13 thoughts on “Politics Ain’t Beanbag: Jack Conway Edition”

  1. I'm glad some Dems are finally playing by Chicago rules. They pick up a knife, you pick up a gun. They send one of your to the hospital, you send one of theirs to the morgue.

  2. Conway is guilty of judging Rand Paul by the same standard that Rand Paul professes to employ. Yes, it's an ugly standard, but Conway didn't invent it.

    Fact is, there are a lot of worse things than Paul's blasphemy, Vitter's doing business with prostitutes, or Craig's restroom trysts. Each has committed crimes against decency far worse – and right out in public, too. But if enforcing their own standards on them is what gets them thrown out of office, that's fine with me.

  3. Zackly. The Aqua Buddha ad is ugly, but unilateral disarmament is uglier. I've cut a check to Jack Conway, and will mail it in tomorrow morning.

  4. When you run an ad, you generally do not want to turn off your base. The liberal base is, so to speak, less base than the conservative base. What is sound strategy for the latter may be weak strategy for the former.

  5. I don't think that deterrence is likely to work in this case.

    First, a significant number of people on the right won't make the connection. Their perspective is that conservatives are good and liberals are evil–and any facts that don't fit into this picture simply don't register.

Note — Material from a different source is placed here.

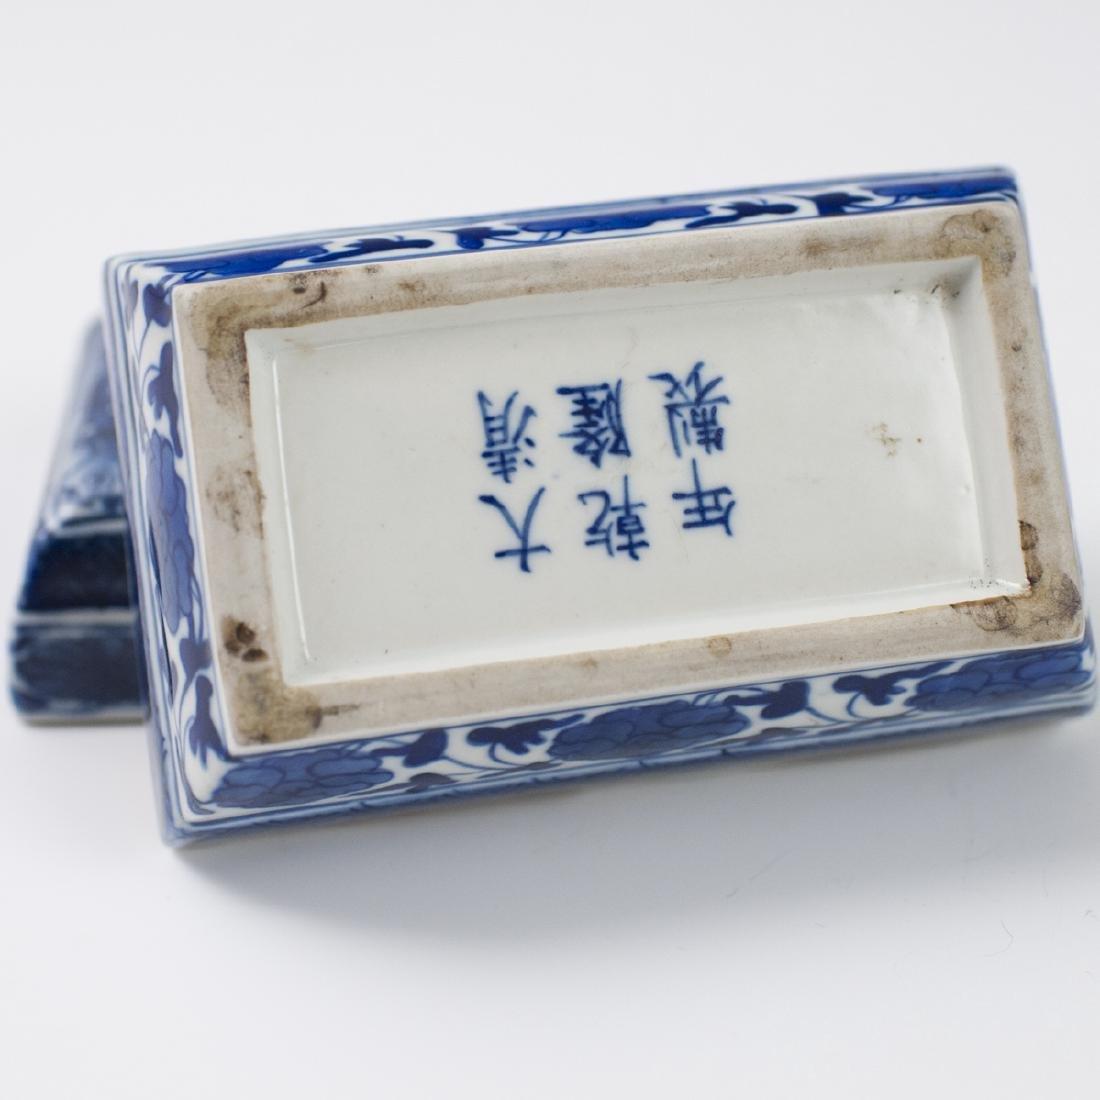 Antique Chinese Porcelain Box - 3

    Second, deterrence only works if both sides perceive that they have something to lose from escalation. Republican policies have been quite bad for most people, so they may very well be better off arguing about who is the more Christian rather than arguing about who has the better policy proposals.

  6. Jonathan, you ask, "Think to yourself: isn’t it quite disgusting what Paul and his fraternity brothers did?"

    Well, no. I do not thisnk a NoZe prank that this so called "vistim" admits she went along with is disgusting. At least, it's not as disgusting as what Jack Conway and his fraternity brothers did. Sigma Alpha Epsilon at Duke. SAE was banned from campus because of rapes and violent hazing incidents. They were even ousted from the National SAE.

    You may want to temper your outrage at Paul's NoZe Brotherhood antics for now, because when this damning information is disseminated about Conway's frat, it ain't gonna be pretty. He's the AG, for cryin' out loud.

  7. Thank you for the help idiot progressives. This ad increased our poll numbers by 7 points. Could not have done it with out you.